[[ Material provided open ]]

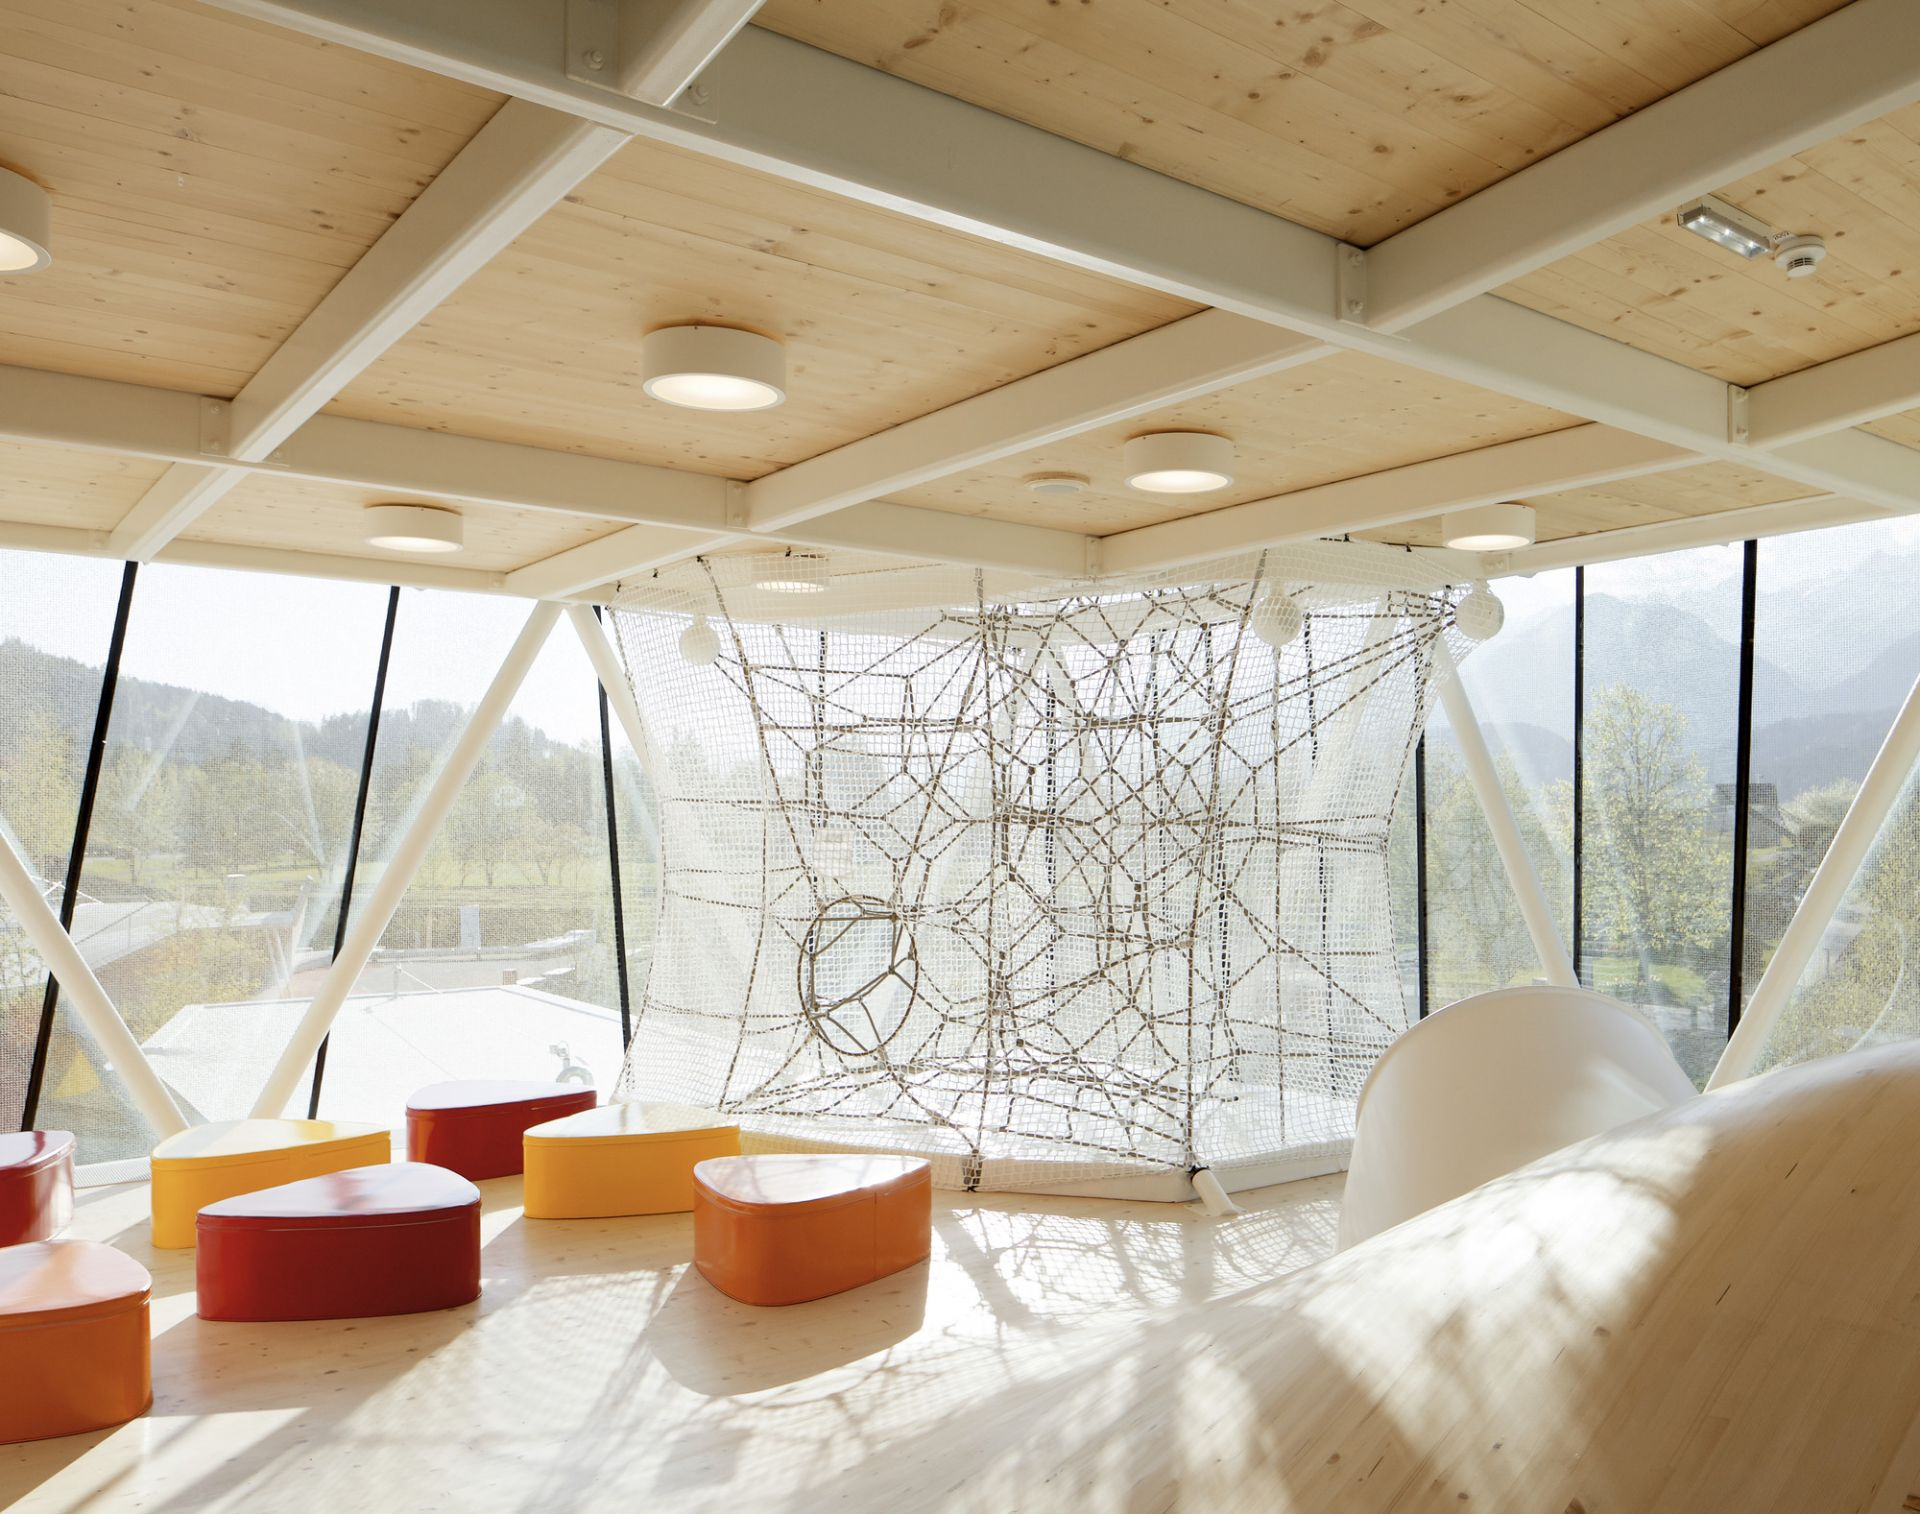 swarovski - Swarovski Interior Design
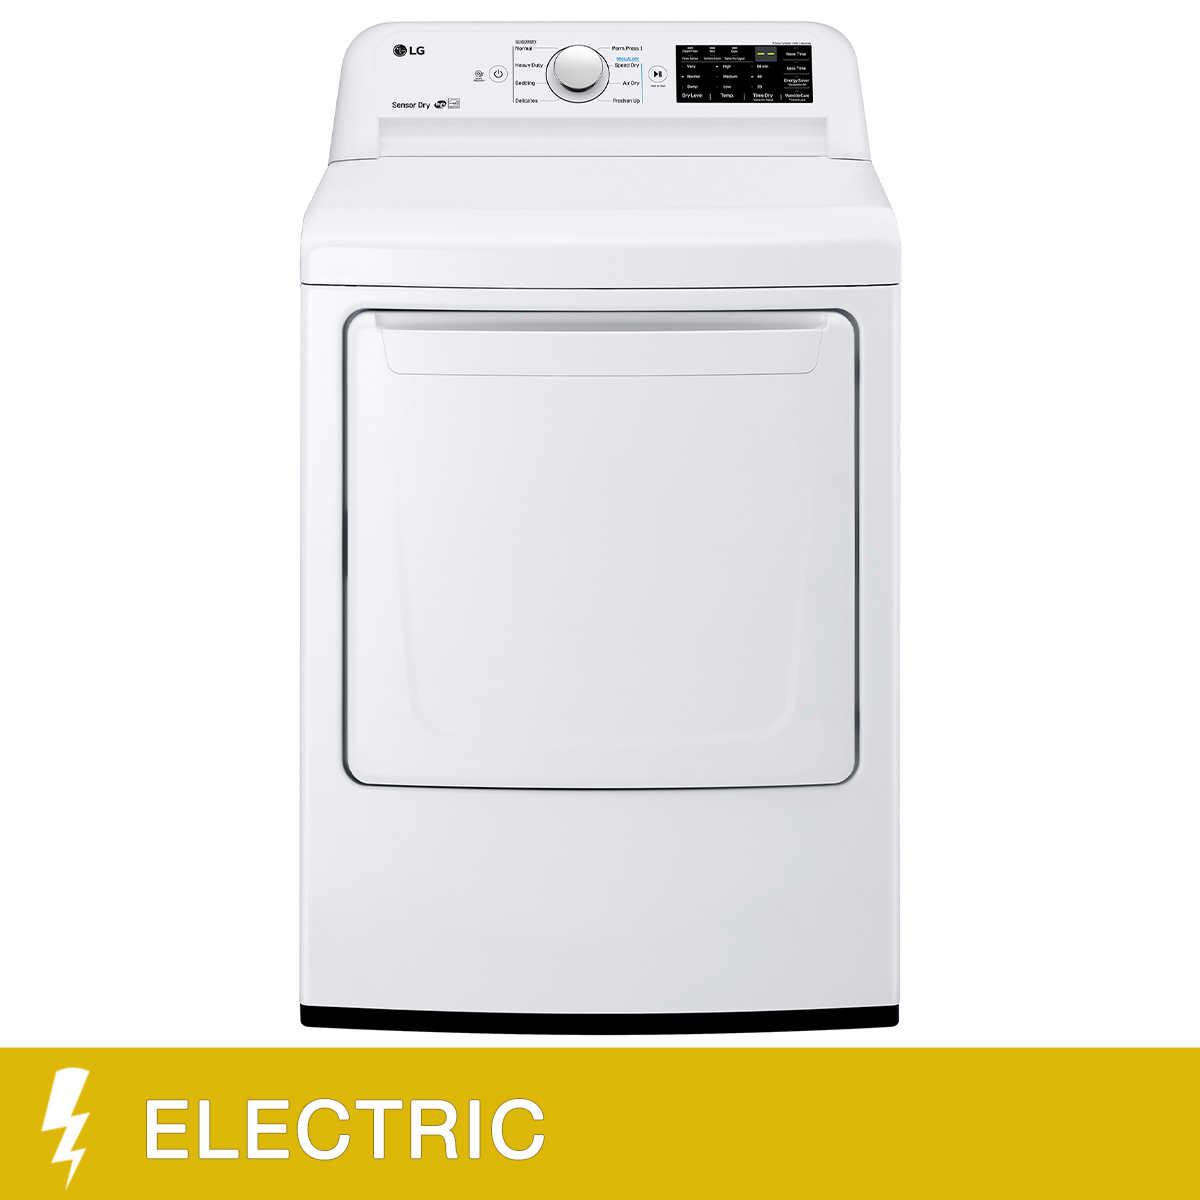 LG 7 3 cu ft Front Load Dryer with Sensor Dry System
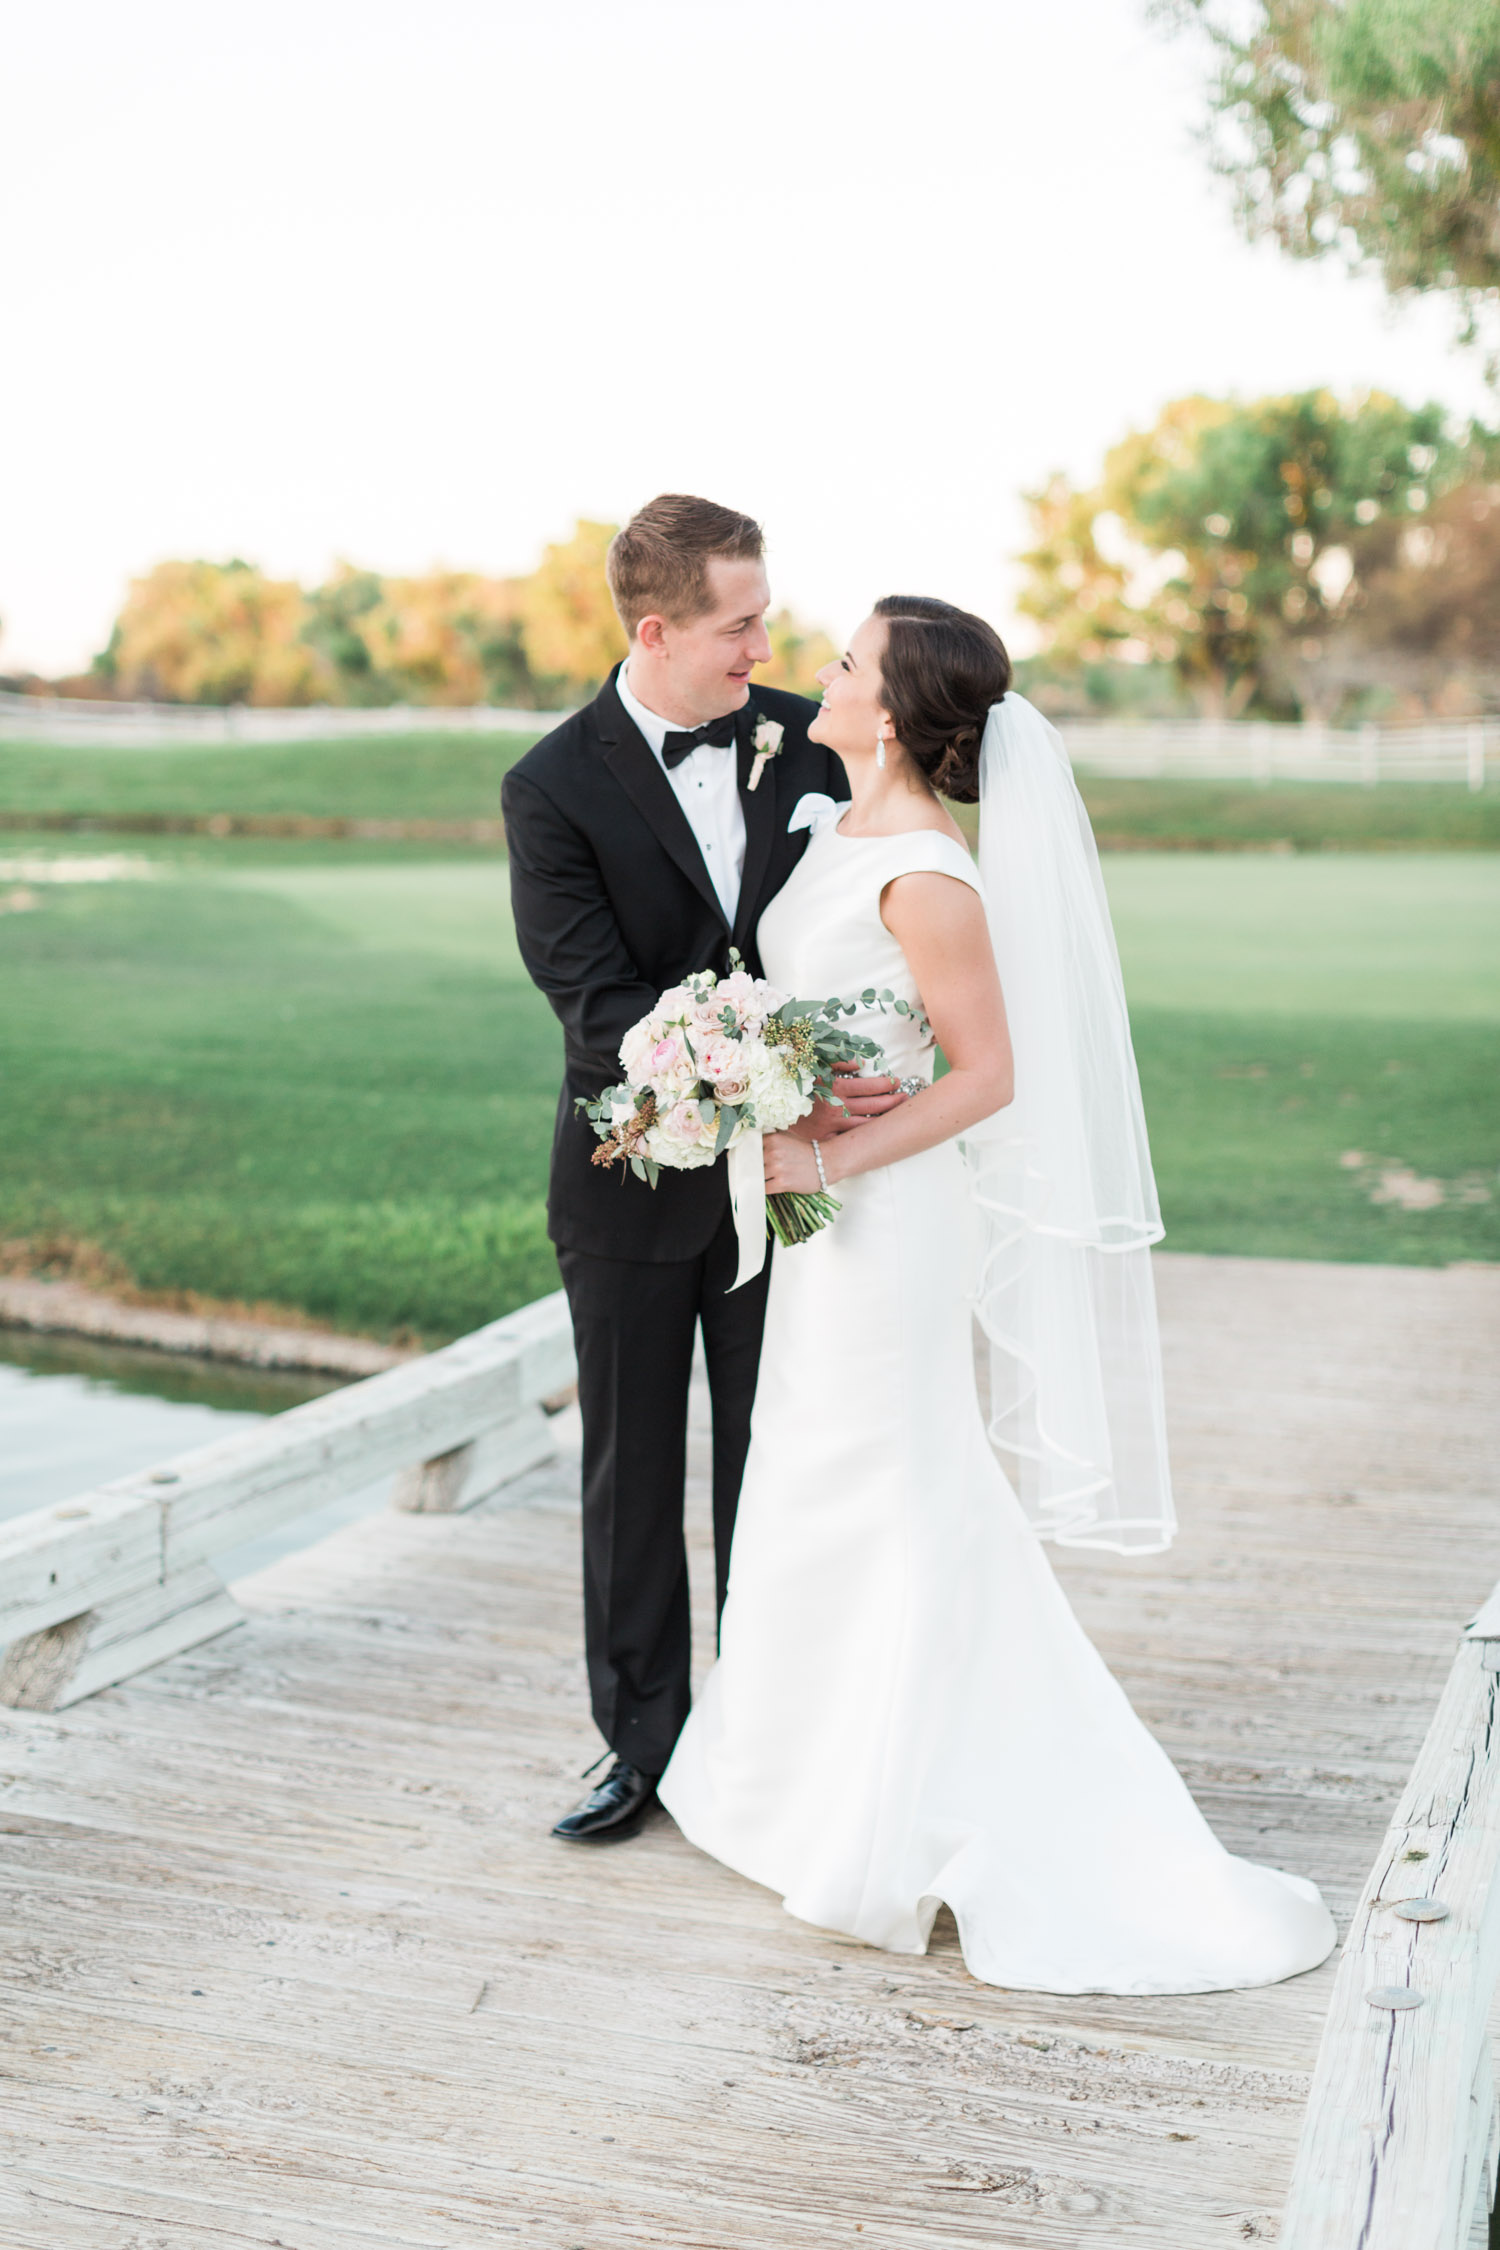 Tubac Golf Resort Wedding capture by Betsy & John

[[ Material provided closed ]]

Description of the task:
Extract the full listing exactly, with the pictures left out.

Written response:
 swarovski - Swarovski Interior Design
 LG 7 3 cu ft Front Load Dryer with Sensor Dry System
 Tubac Golf Resort Wedding capture by Betsy & John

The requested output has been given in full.